What is the value of knowing that a frequency distribution can be represented by an equation? Let us suppose that this equation holds true for all fields of publication. It is fairly easy to look at publication in a particular field, spot the most prolific author, and count the number of his publications over a period. Let this X be 10. Then X2 = 100, Y=1, and K = 100.. Now put X = 1; if the equation holds, the number of authors with a single paper must be equal to K, i.e. Y = 100. We can similarly calculate the value of Y for any value of X, add up all the figures, and estimate the total number of authors and the total number of papers for that field during the period covered – all this from knowing one fact about the most prolific author. Of course, that “suppose” written earlier is crucial. We could not use the equation with confidence until we had analysed a considerable number of data sets to confirm it. And even then, we must be prepared to find exceptions, or perhaps a change in the equation over time as publication habits changed. For example, if most papers came to be written by several collaborators, might this affect the equation? So confirmed equations can be useful, but must be used cautiously.

The philologist G.K.Zipf in 1926 studied the distribution of words in text, and found that if Y is the number of words that appear X times in a corpus of text, then X2Y = a constant – the same equation as Lotka had found. He then listed the words in decreasing frequency of occurrence, giving each word a “rank” in the list, from 1 onwards, and found that a word with rank Z would occur approximately 1/Z times as frequently as the top-ranking word – e.g., if the top word occurred 1000 times, the second would occur about 1000/2 = 500 times, the third about 1000/3 = 333 times, and so on. The relevance of this to information science is that this pattern has been found widely in other distributions, for example in that about to be mentioned.

The librarian Samuel Bradford in the 1930s was examining comprehensive bibliographies on specific subjects prepared at the Science Museum Library in London. He looked at the frequency with which various journal titles appeared in the bibliography, and ranked them in the same way as Zipf had done with words in a text. After much consideration, he analysed the distribution in the following way. Start with a nucleus of the top-ranking periodicals (let there be T1 of them), which between them account for R references  in the bibliography. Then move down the list till we have accounted for another R references: we will find that it takes T2 titles to produce them. Move down to take in another R references, this time needing T3 titles, and so on down the list. Now we will find that the relation between the values of T1 to T2  to T3, etc, is approximately as 1 to N to N2, etc., where the value of N will depend on our initial choice of nucleus and on the bibliography being studied. There was a little confusion in Bradford’s subsequent mathematical manipulation of this relationship, but this was eventually cleared up, and the “Bradford distribution” has become much studied in information science.

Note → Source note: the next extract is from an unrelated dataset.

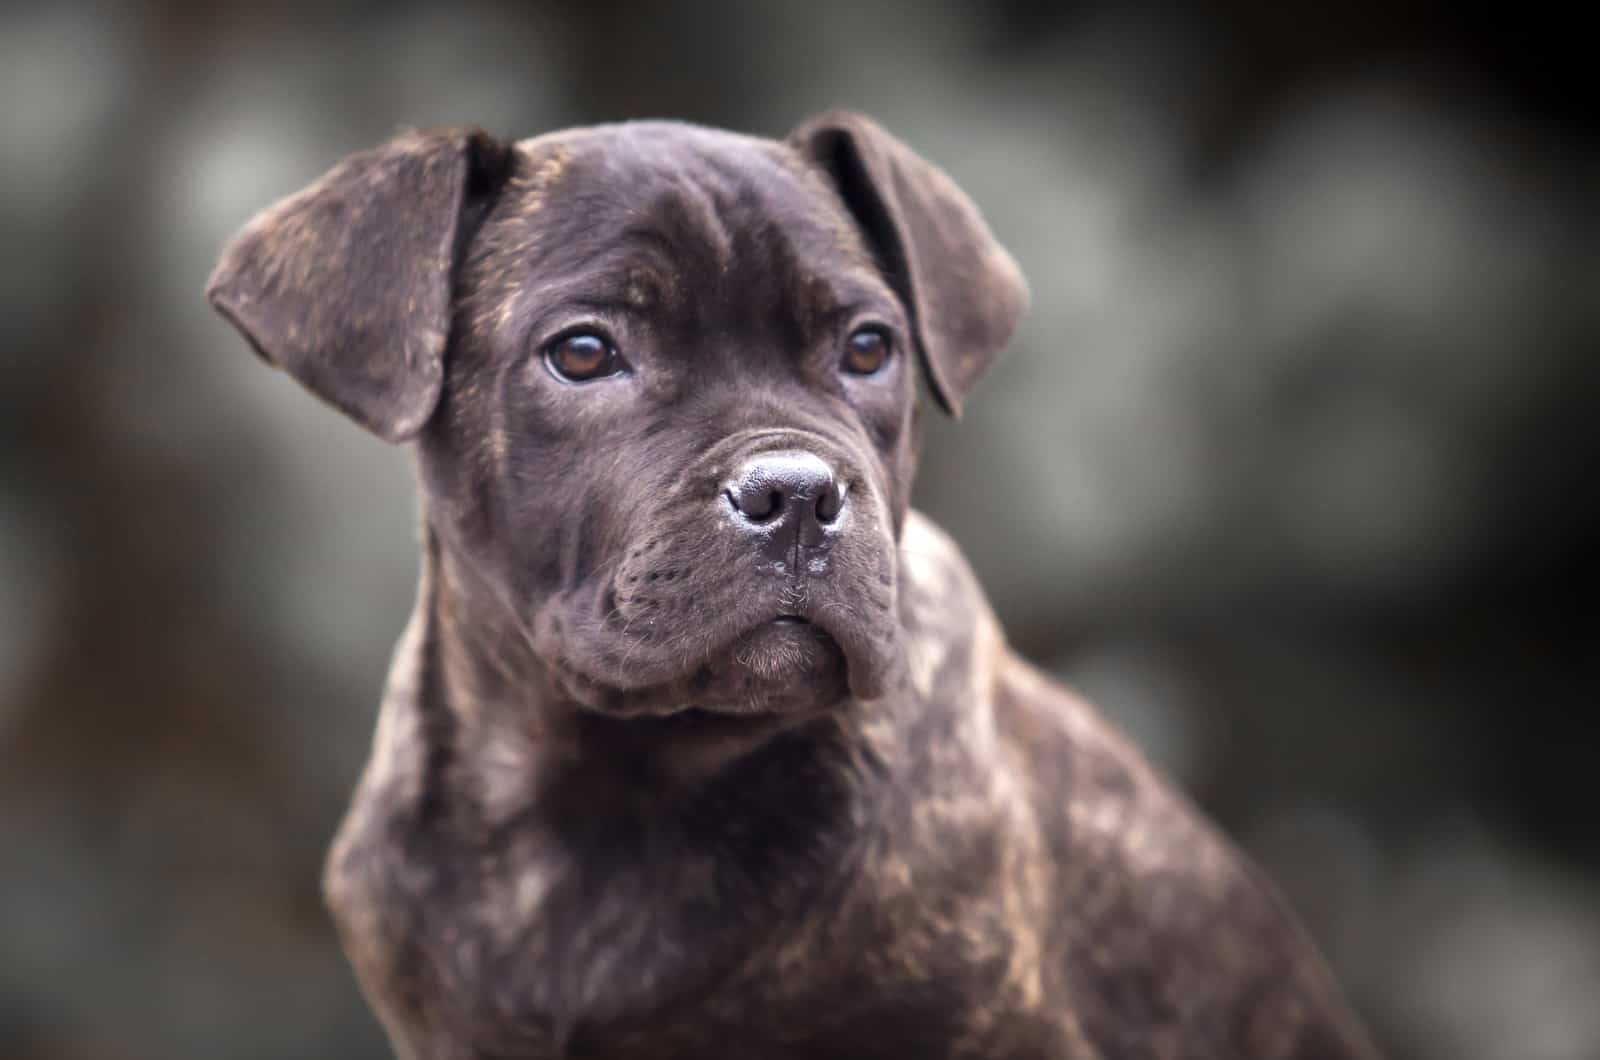 cane corso puppy close-up

All these equations for statistical regularities have since been found to be closely related, and their mathematical elaboration arouses much interest among the theoretically inclined. Overall, this field of study has become known as bibliometrics (or latterly, informetrics).

3.2.4 Specialised subject focus

The appearance of special libraries has already been noted as an indicator of the changing face of information provision. This was accompanied by increasing specialisation in publishing – for example, in science and technology, more specialised journals and abstracts journals, new kinds of publication such as industrial standard specifications and technical reports. There was also the construction of special library classifications and indexes (some of them on novel lines, such as Kaiser’s), and the production within research institutions of local abstracts bulletins. New technical devices came into use, such as photocopying and microfilm, 

Guides to the literature of special subjects began to be published early in the century, for example in chemistry, biology, mathematics, medicine. All this was not yet information science, but it was a prelude to what has become known as domain analysis, to better understand the nature of information need in a special subject, and the resources available for meeting it.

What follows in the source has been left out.